Quoth jlb@houseofdistraction.com (Jeff Bowden): > For ease of configuration and other reasons, I would like for my > single-user GUI app to be able to use postgresql in-process as a > library accessing a database created in the users home directory. I > think I could possibly get what I want by launching a captive copy of > postmaster with appropriate args but it seems conceptually cleaner to > not have a seperate process at all. Has anyone tried to do anything > like this? One of the properties of Unix is that spawning extra processes to "do their thing" allows each application to be designed more 'cleanly.' Curiously enough, the implementors of alternatives to the Sendmail MTA have typically concluded that it was not only conceptually cleaner to have a set of separate cooperating processes, but that they would also reap benefits in terms of speed and improved security. Thus, I think you'll find that people disagree with you on this. It seems to me that it is conceptually cleaner to have the "application" do "application stuff," and not muddle things up by mixing that with the "database stuff." -- If this was helpful, <http://svcs.affero.net/rm.php?r=cbbrowne> rate me http://cbbrowne.com/info/sgml.html Rules of the Evil Overlord #87. "My vats of hazardous chemicals will be covered when not in use. Also, I will not construct walkways above them." <http://www.eviloverlord.com/>
jlb@houseofdistraction.com (Jeff Bowden) wrote: > Tom Lane wrote: >>Not only are the developers uninterested in it, the developers actively >>oppose it. We think an embedded database library cannot be reliable >>enough to meet our notion of a "database", since it would be subject to >>failures anytime the surrounding application has a bug. Keeping the >>client code in a separate process is a far more robust design. > That makes sense to me.
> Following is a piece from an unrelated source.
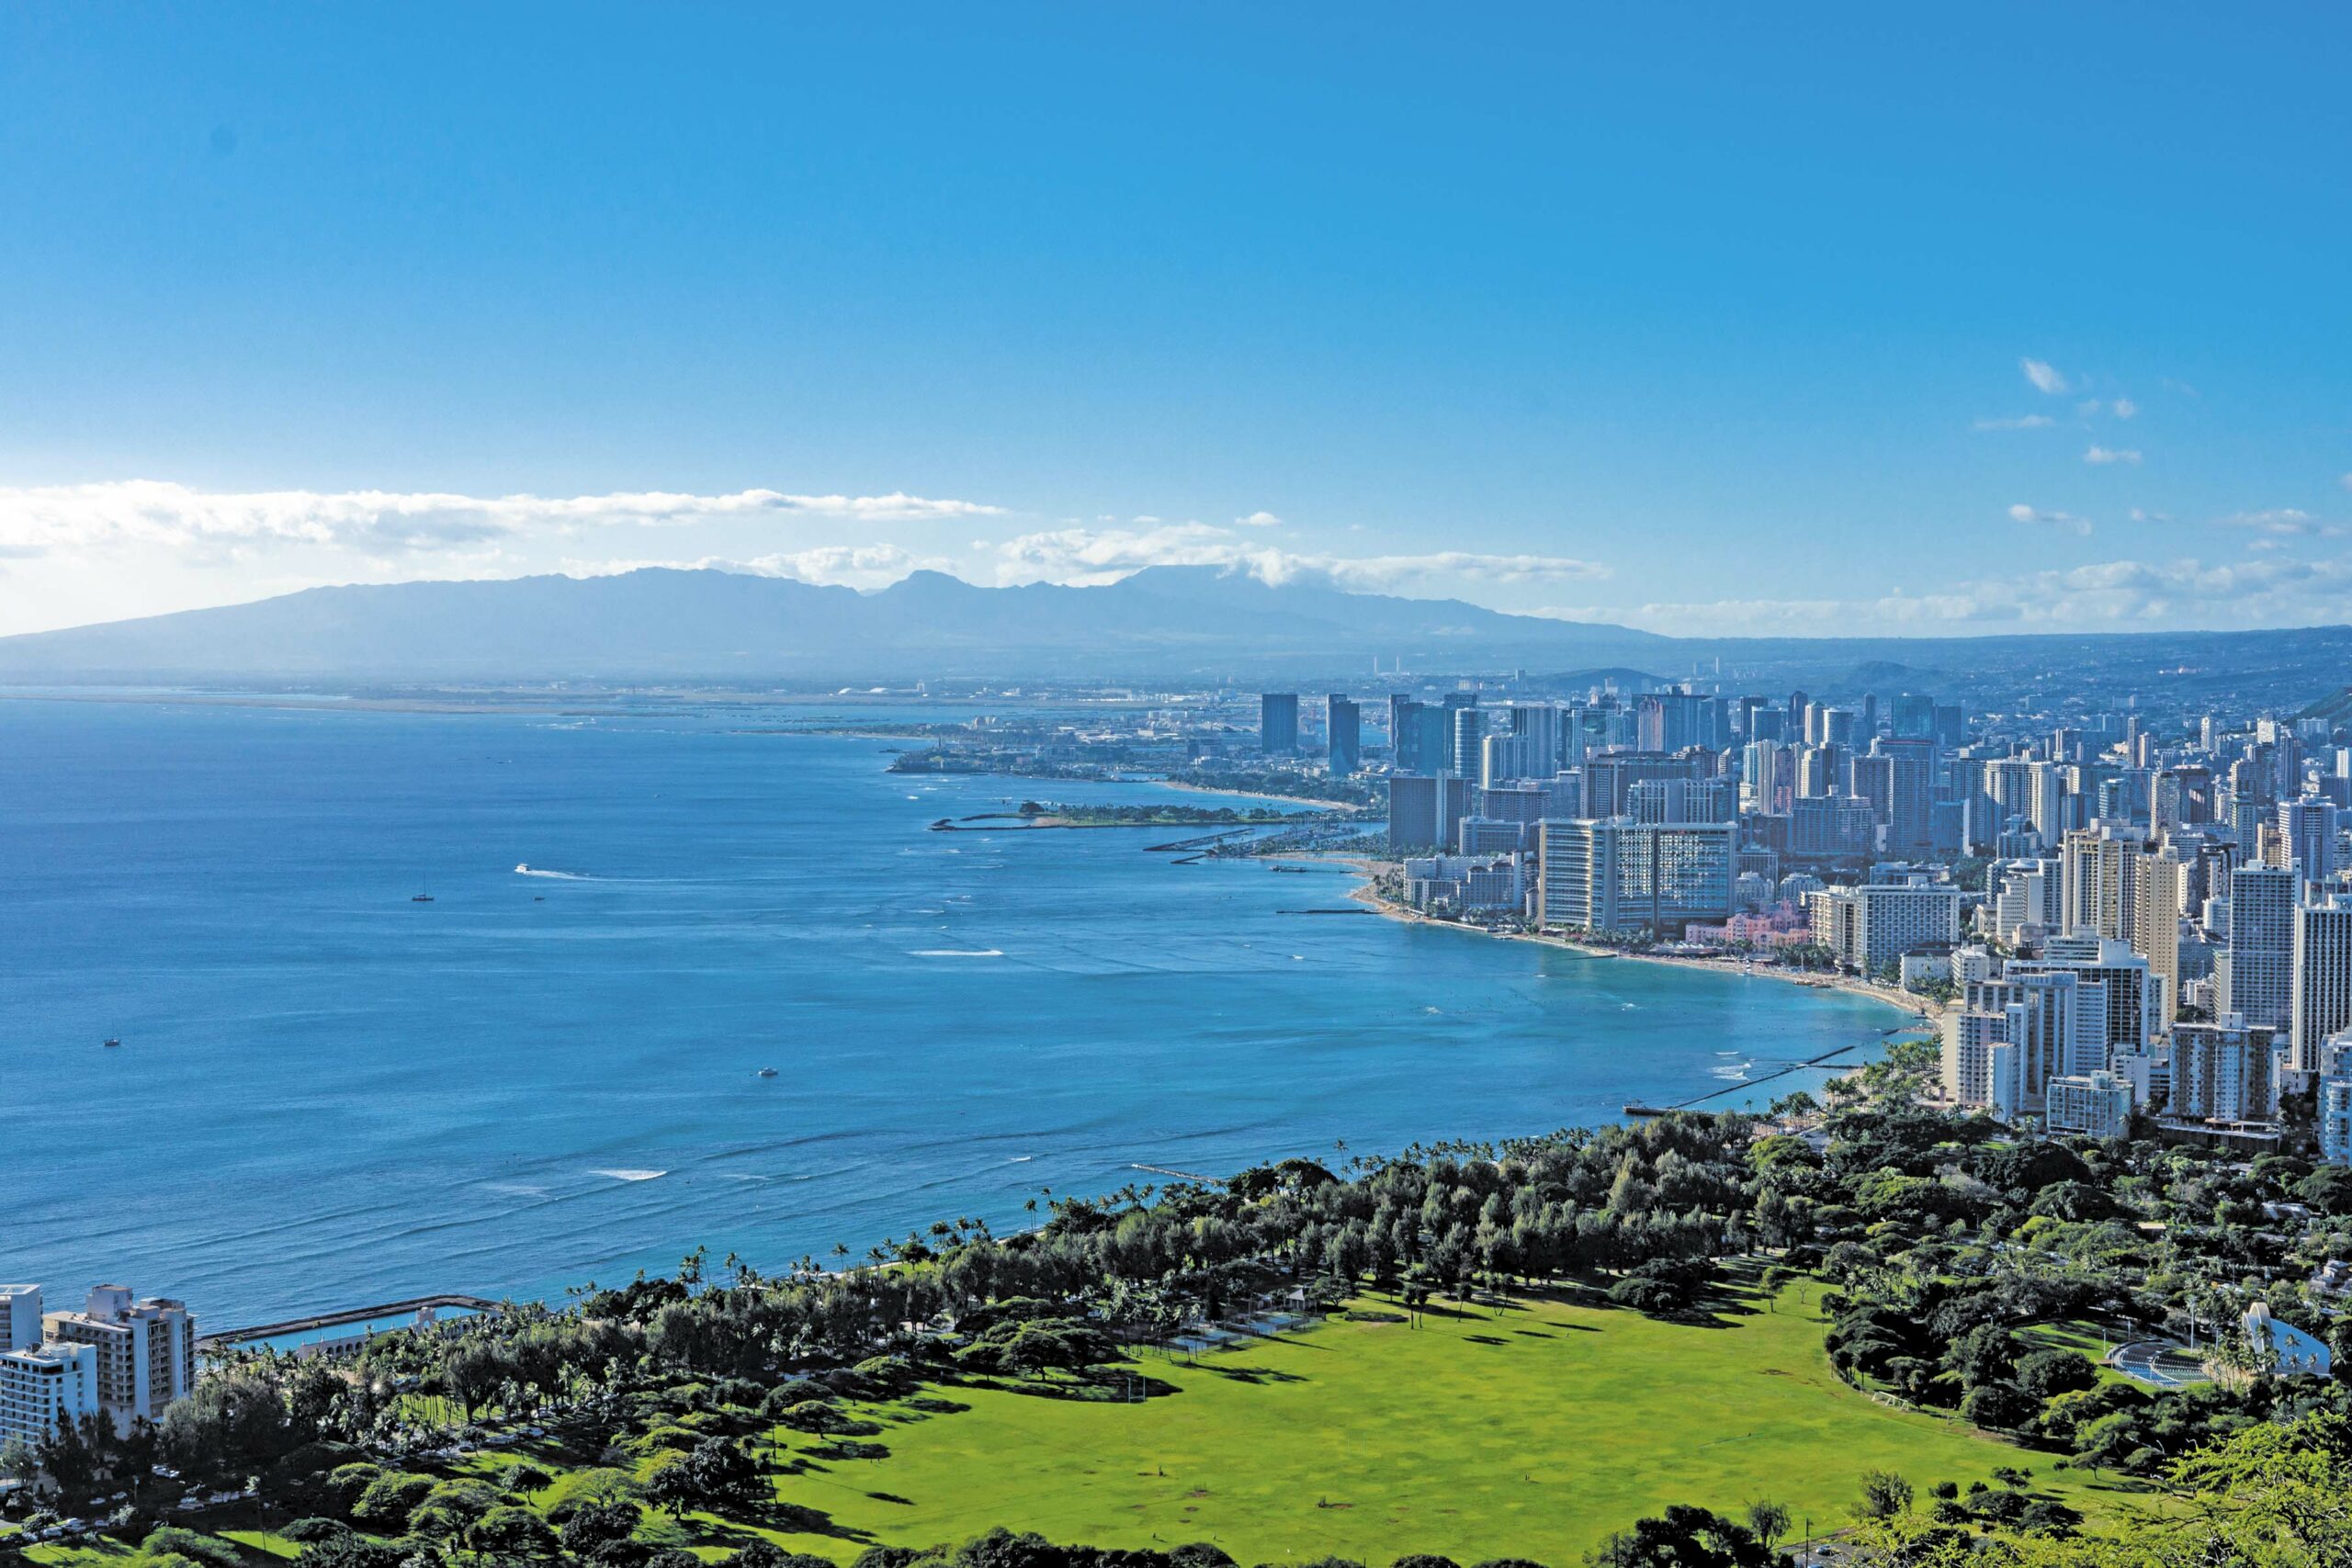 Alumni and friends invited to travel With FHU on a Hawaiian Adventure in 2025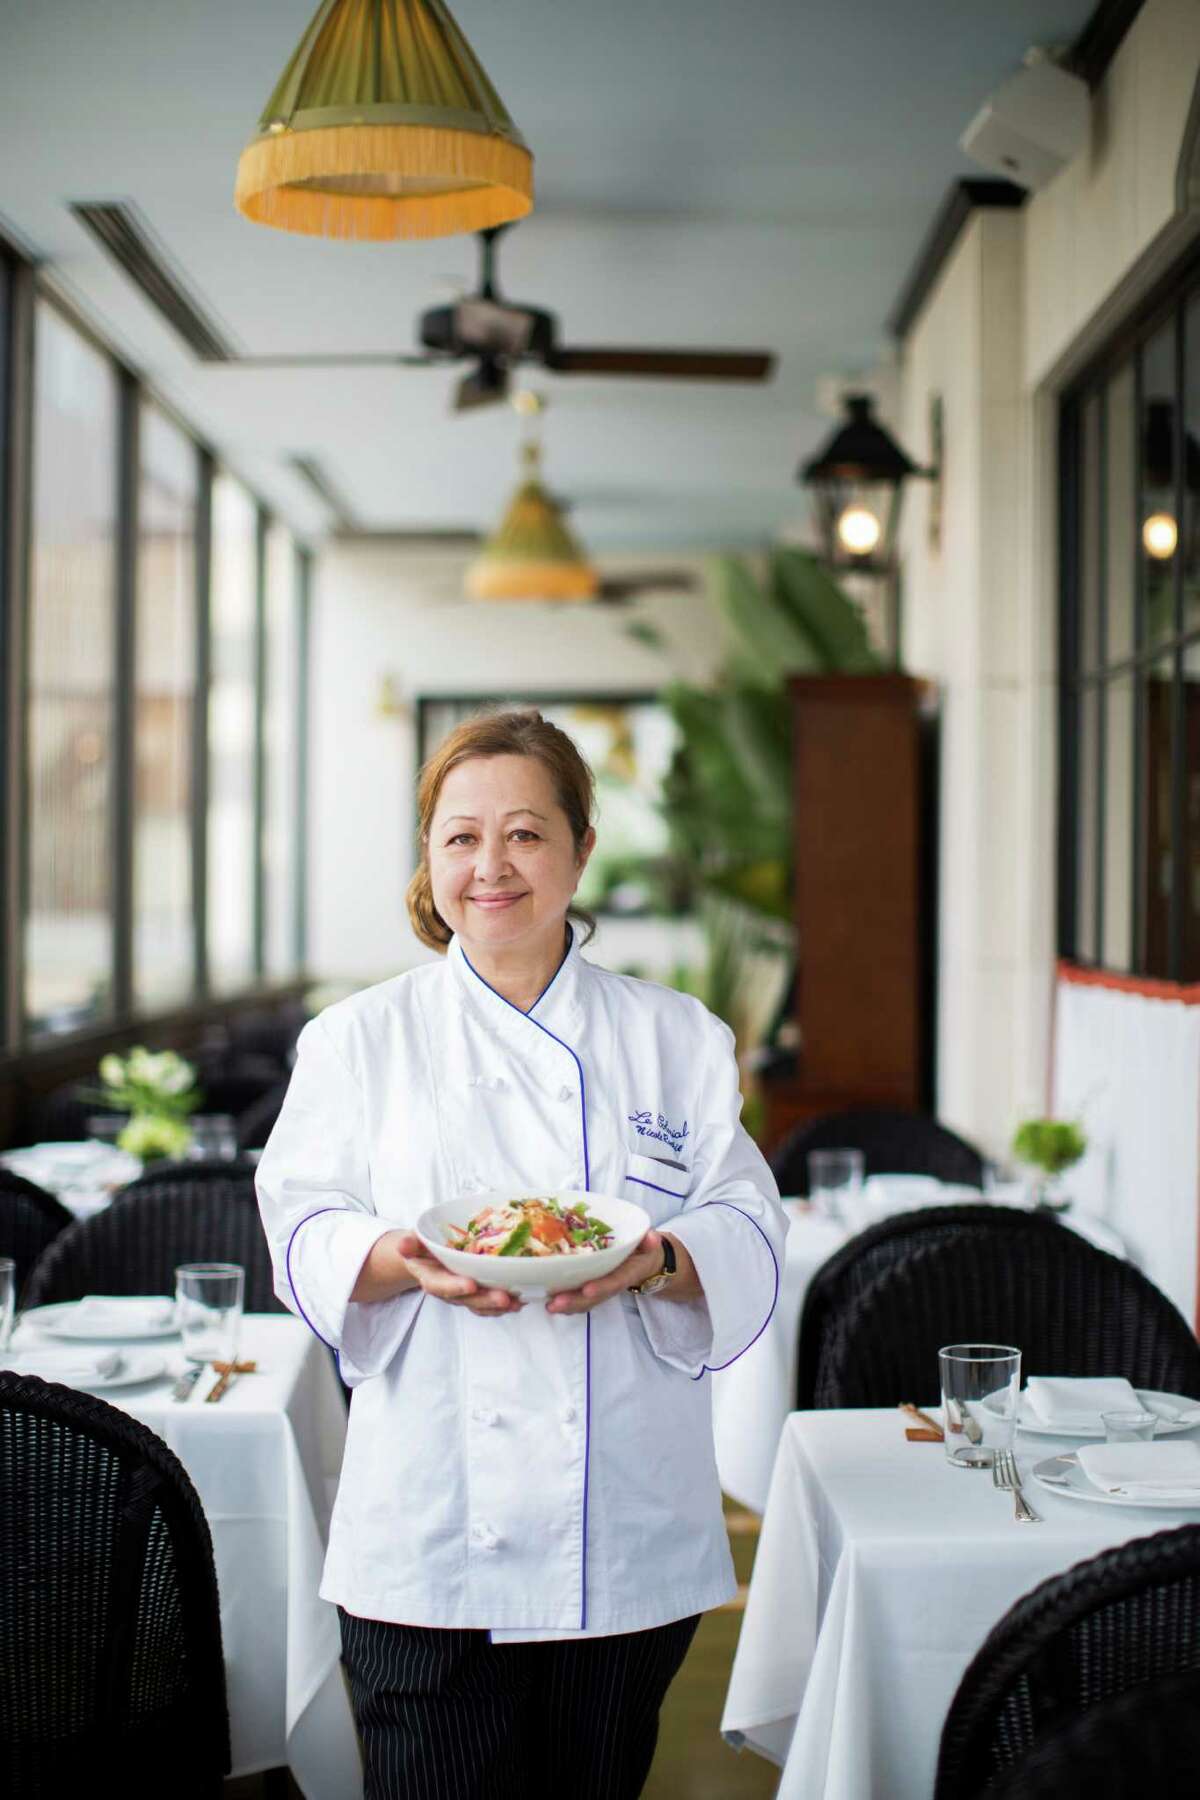 Nicole Routhier, a Houston cooking instructor and author of "The Foods of Vietnam," joined the team at the new Le Colonial restaurant at River Oaks District as partner and culinary director.

I wonder if sqlite suffers for this problem > (e.g. app crashing and corrupting the database). I'm not sure its use has yet been so widespread that there is a good feel for this. It is doubtless _possible_; "crash patterns" likely _don't_ lead to enormous disasters when databases are small, localized, and the apps probably _don't_ crash all the time. > What about the notion of running postmaster on-demand as the user? > Is that something that anyone has experience with? It seems like it > would solve the complex configuration problems without compromising > robustness or requiring any special support other than sufficient > command-line parameters. I haven't had call for this being controlled "by the application," but I can't see it being vastly troublesome. And I _don't_ see it requiring lots of "command line" parameters; you just need to specify the directory where the configuration is. > Oh yeah, that brings me to another question. I was looking at the > postmaster command-line switches and I couldn't find any that would > allow me to point it at an arbitrary config file but then I had a > look around and it seems that the .conf files are already used by > the various startup scripts. Does postmaster itself ever read the > .conf files or is it controlled strictly by switches? All of the .conf files are in one directory, and that directory is controlled by either the value of environment variable PGDATA or the "-D" command parameter. It seems not-overly-valuable to have the .conf files be able to be specified in random other locations. Is there some particular reason you have in mind why you would want to _ignore_ the configuration in $HOME/DBDIR and instead use configuration in some other random location? I would think that collecting the config into one directory, as is done right now, is a _good_ thing. -- let name="cbbrowne" and tld="ntlug.org" in name ^ "@" ^ tld;; http://www3.sympatico.ca/cbbrowne/lsf.html "Even in the area of anticompetitive conduct, Microsoft is mainly an imitator." -- Ralph Nader (1998/11/11)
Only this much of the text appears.